To jump: grep -in '<keyword>' references/training/throughput-profiling.md (e.g. bound, workers,
compile, recompile, flash, sdpa, nsys, py-spy, channels_last, tf32, overlap).
Table of contents
- Diagnose first — T1 the 3-way split (GPU/data/comms-bound) · T2 util%-is-a-liar pointer · T3 the cheap CPU/GPU-busy triage
- Dataloader (the #1 cause of a starved GPU) — T4 num_workers · T5 persistent_workers · T6 pin_memory + non_blocking · T7 prefetch_factor · T8 IO-bound vs CPU-transform-bound
- Free / near-free knobs — T9 TF32 + matmul precision · T10 cudnn.benchmark · T11 channels_last · T12 set_to_none + disable debug APIs
- Mixed precision for speed — T13 bf16/fp16 throughput
- Kernels — T14 SDPA / FlashAttention · T15 torch.compile gains · T16 torch.compile recompilation traps
- Memory↔speed trades — T17 activation checkpointing speed cost · T18 batch size vs throughput
- Profilers — T19 torch.profiler (is-it-data-bound) · T20 nsys / Nsight Systems · T21 py-spy (live, no restart) · T22 memory-snapshot pointer
- Multi-GPU / multi-node comms — T23 DDP/FSDP compute-comm overlap
- Pointers — gotchas_universal.md U8/U21/U24/U25/U38 · oom-memory.md · distributed-launch.md · multinode.md · verifying-dl-experiments (skill)

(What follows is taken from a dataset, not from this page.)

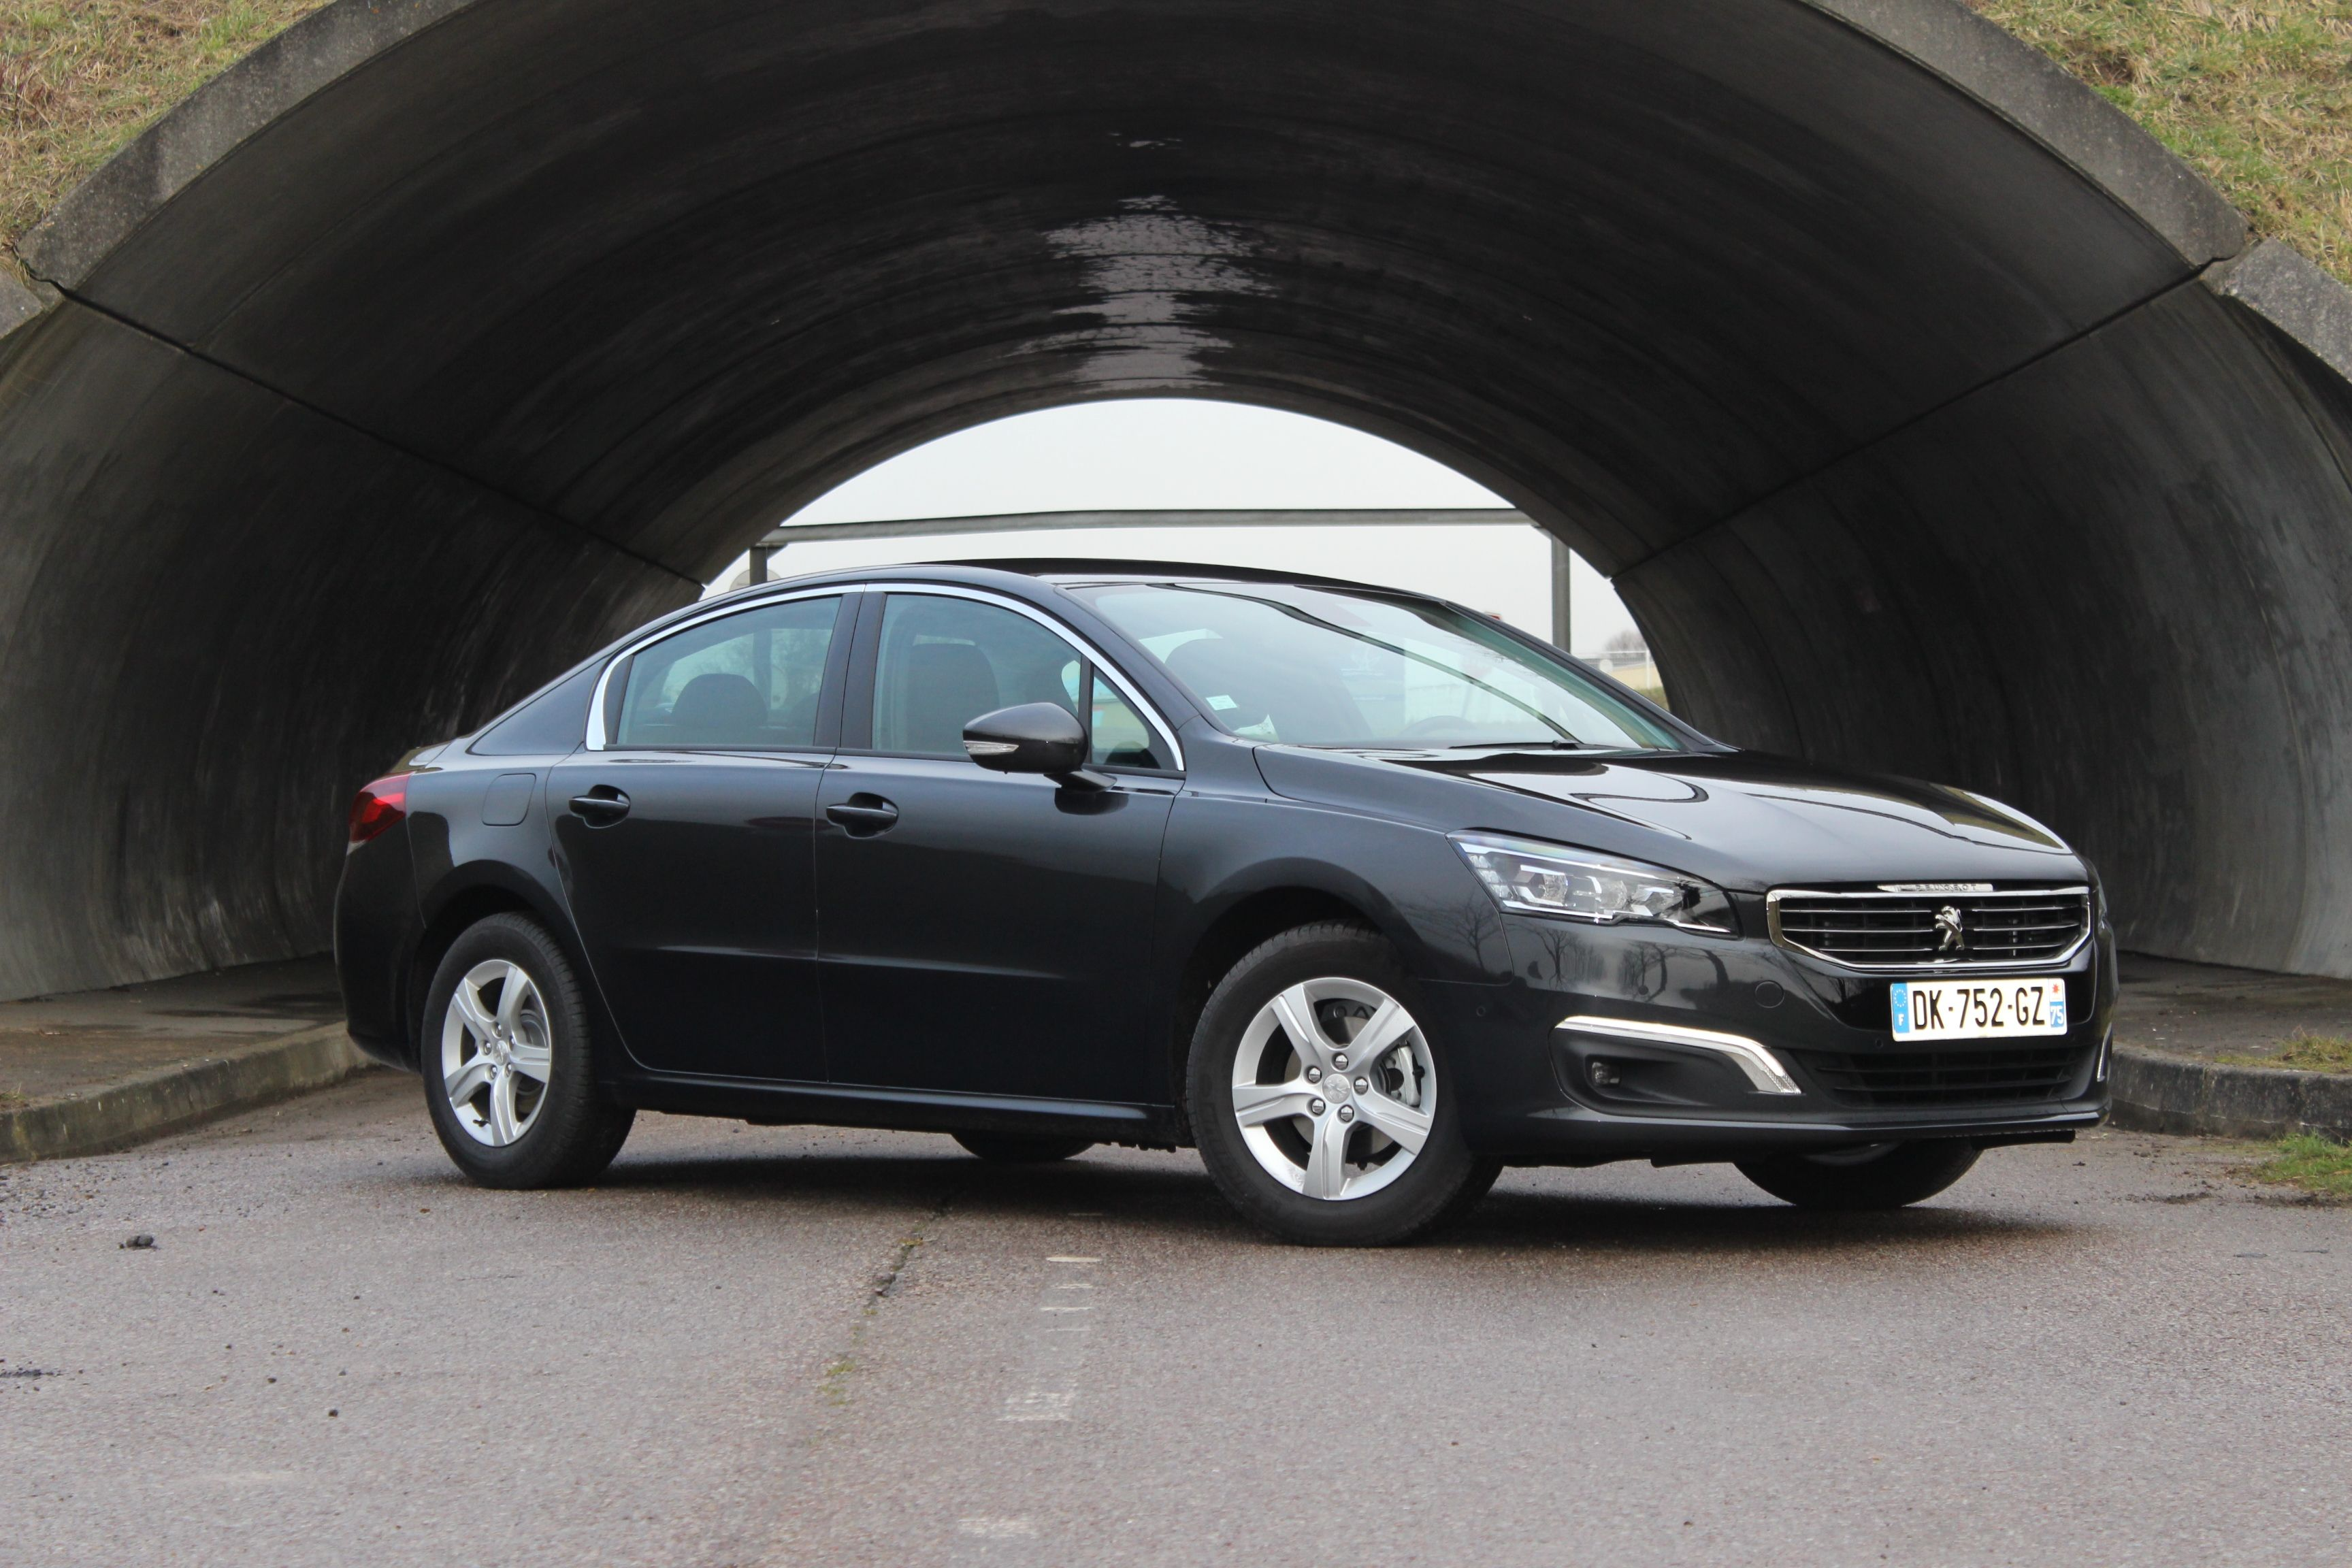 Peugeot-508-restylee-1-6-e-HDI-115-ETG6

Diagnose first — do NOT tune blind
T1 — The 3-way split: GPU-bound vs data-bound vs comms-bound (decide before touching a knob)
Symptom: training is "slow" and the instinct is to change the model or batch size at random.
Root cause: throughput is gated by exactly one of three resources at a time; the fix for each is disjoint, so guessing wastes paid wall-clock (principle #1).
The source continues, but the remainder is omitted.